As comic readers, now, though, Daredevil was just one of several comic book characters that Miller put his stamp on over the years, even returning to him more than once to continue expanding on the character for Marvel and making his footprint even bigger. Miller revealed that getting into the headspace for these characters was never a tough thing for him, noting that an “inner pain” within all of them was something he could relate to. He went on to call Superman, citing the man of steel’s inner pain as making it easy to latch onto him as a character
“I realized that, of all the characters I’d done who have this tremendous sense of loss, nobody could match (Superman),” Miller said. “He lost a planet; he lost a species. And he’s the one who’s really trying to make sense of things. So there’s always a connection that presents itself. Of course, with the characters that I make up myself, sometimes I don’t even know where they come from, but they’re clearly answering things within me.”

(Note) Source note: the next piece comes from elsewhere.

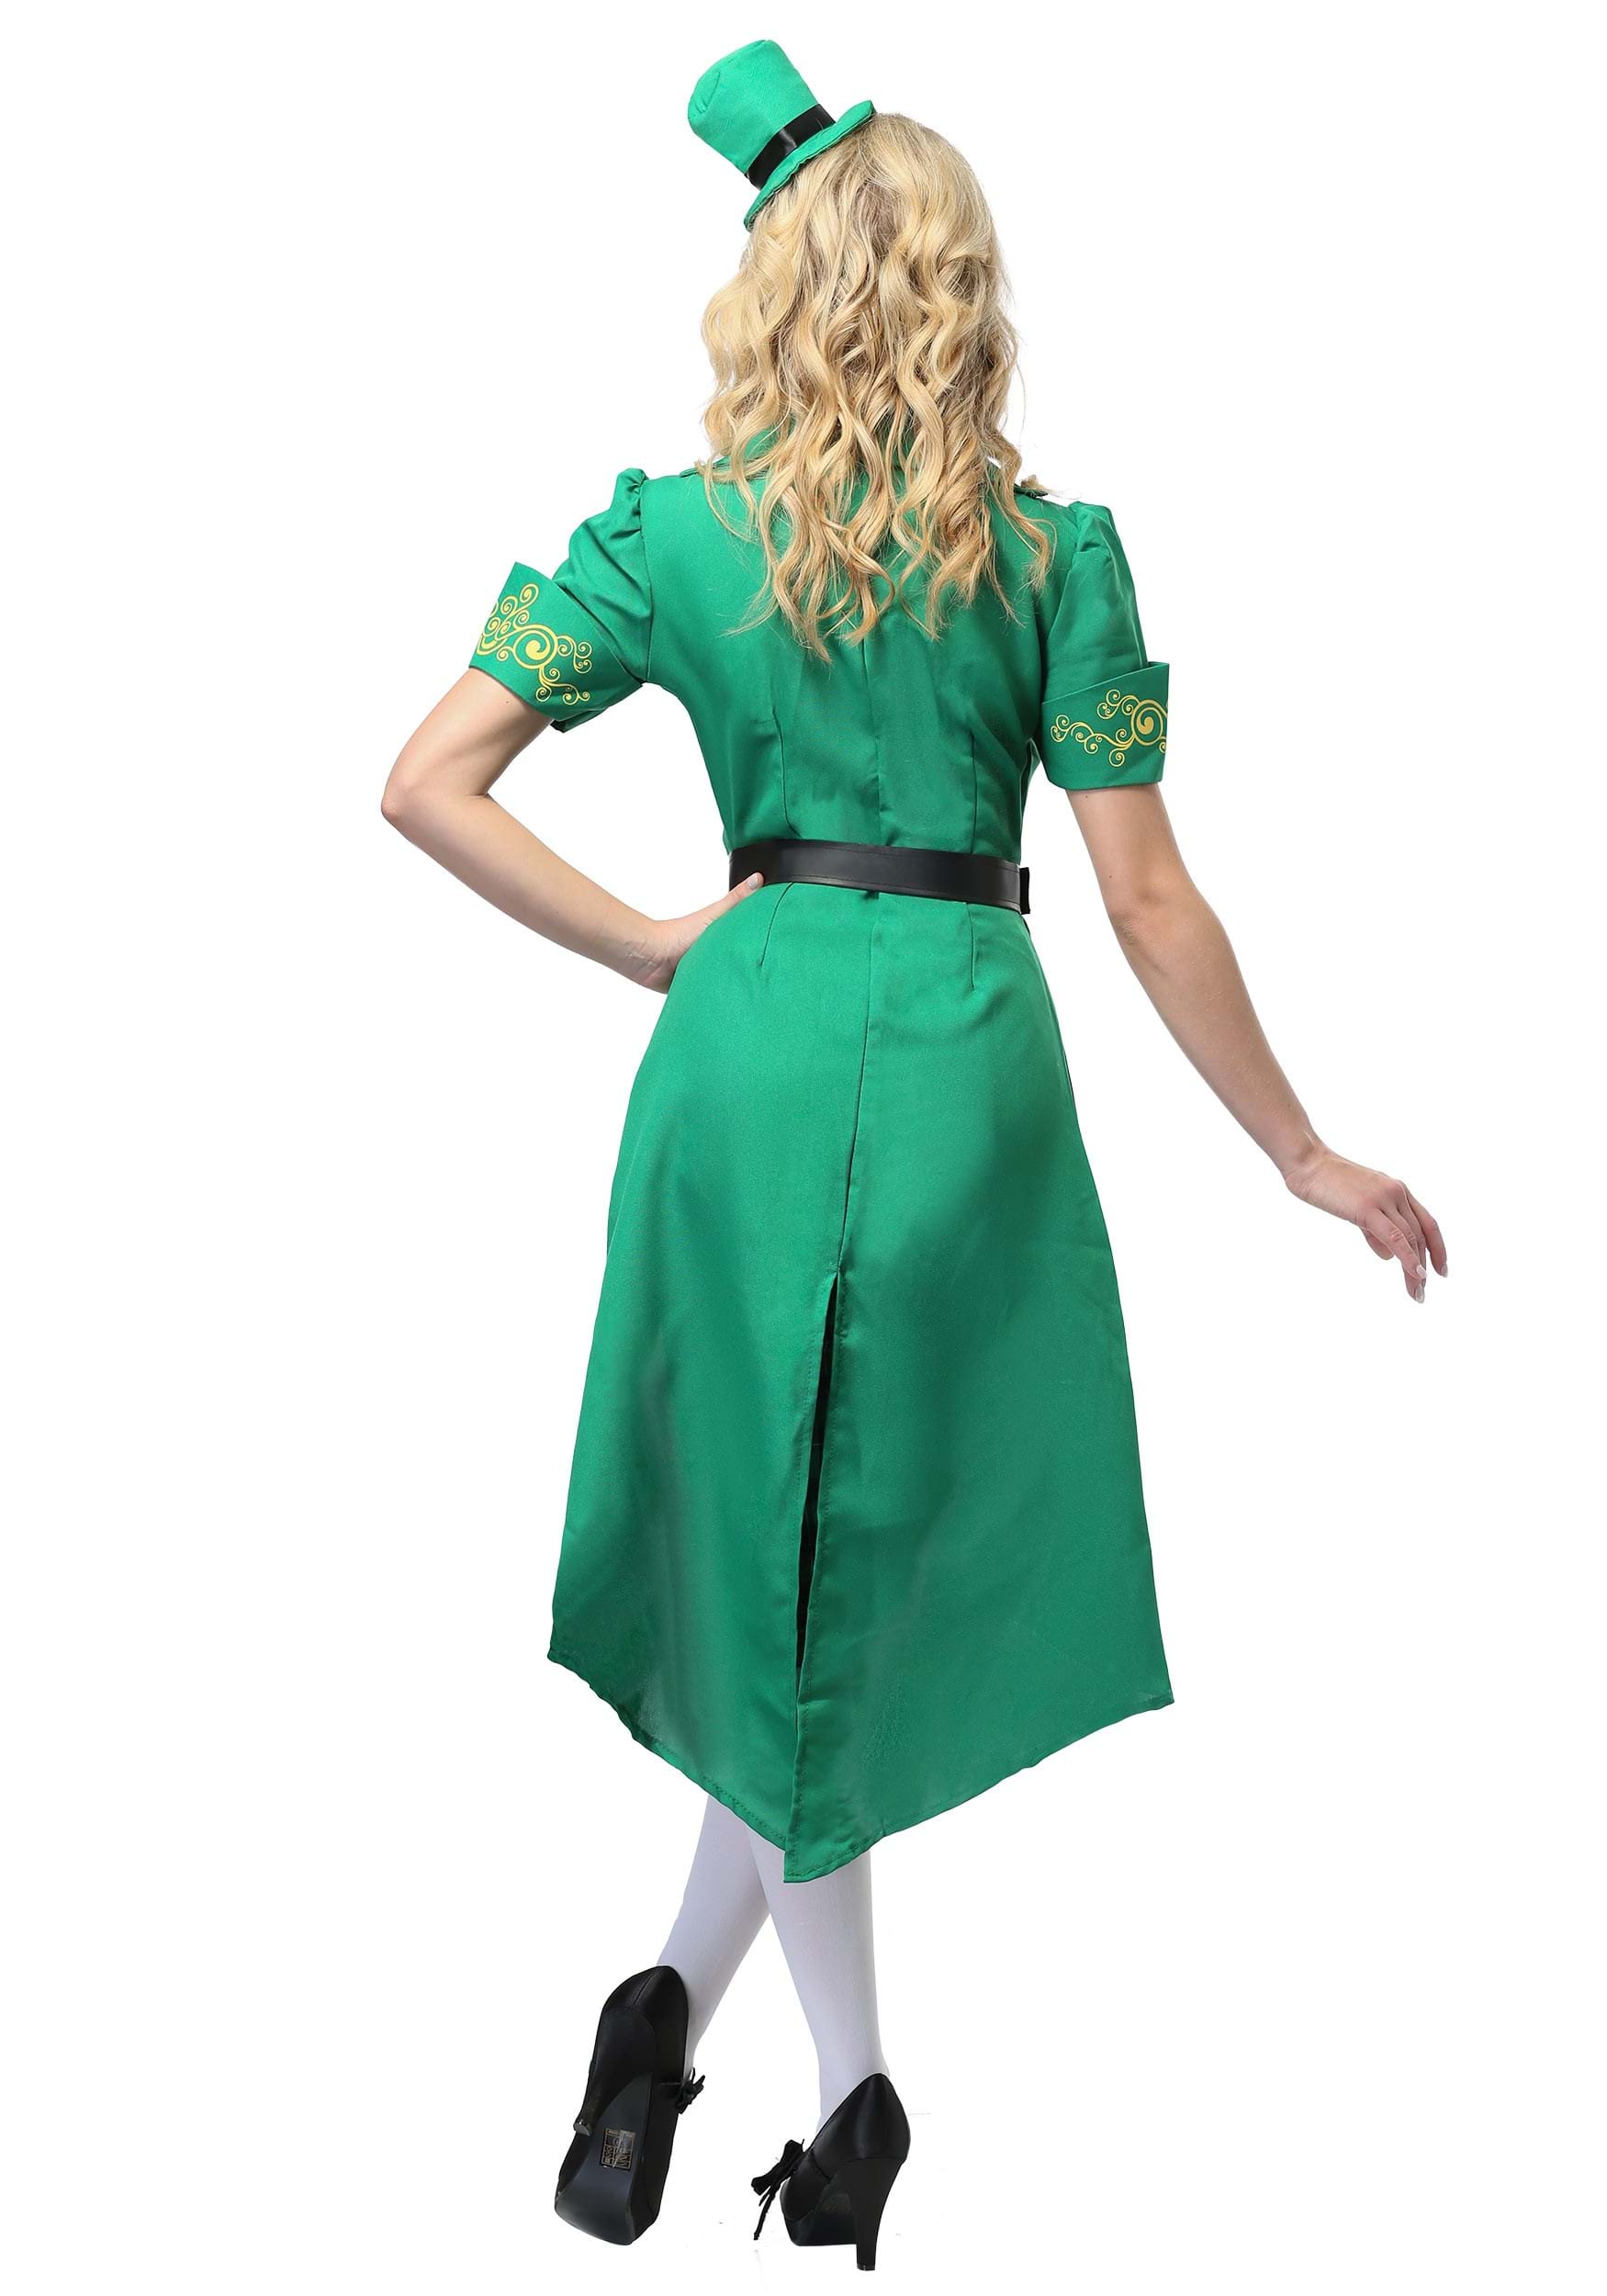 Charming Leprechaun Fancy Dress Costume For Women , St. Patrick's Day Fancy Dress Costumes

Among those original characters created by Miller, as fans know, is Elektra, Daredevil’s on-again, off-again love interest who came from a specific place for Miller.
“I wanted Daredevil to have a figure in his life that was almost like a doppelganger of him, a character who is a mirror image, but an opposite at the same time. And so I pulled upon the Greek mythology to extract the character of Elektra and made her an old girlfriend, and one thing led to another.”
The rest, as they say, is history.
Miller’s book, Push the Wall: My Life, Writing, Drawing, and the Art of Storytelling, is now available.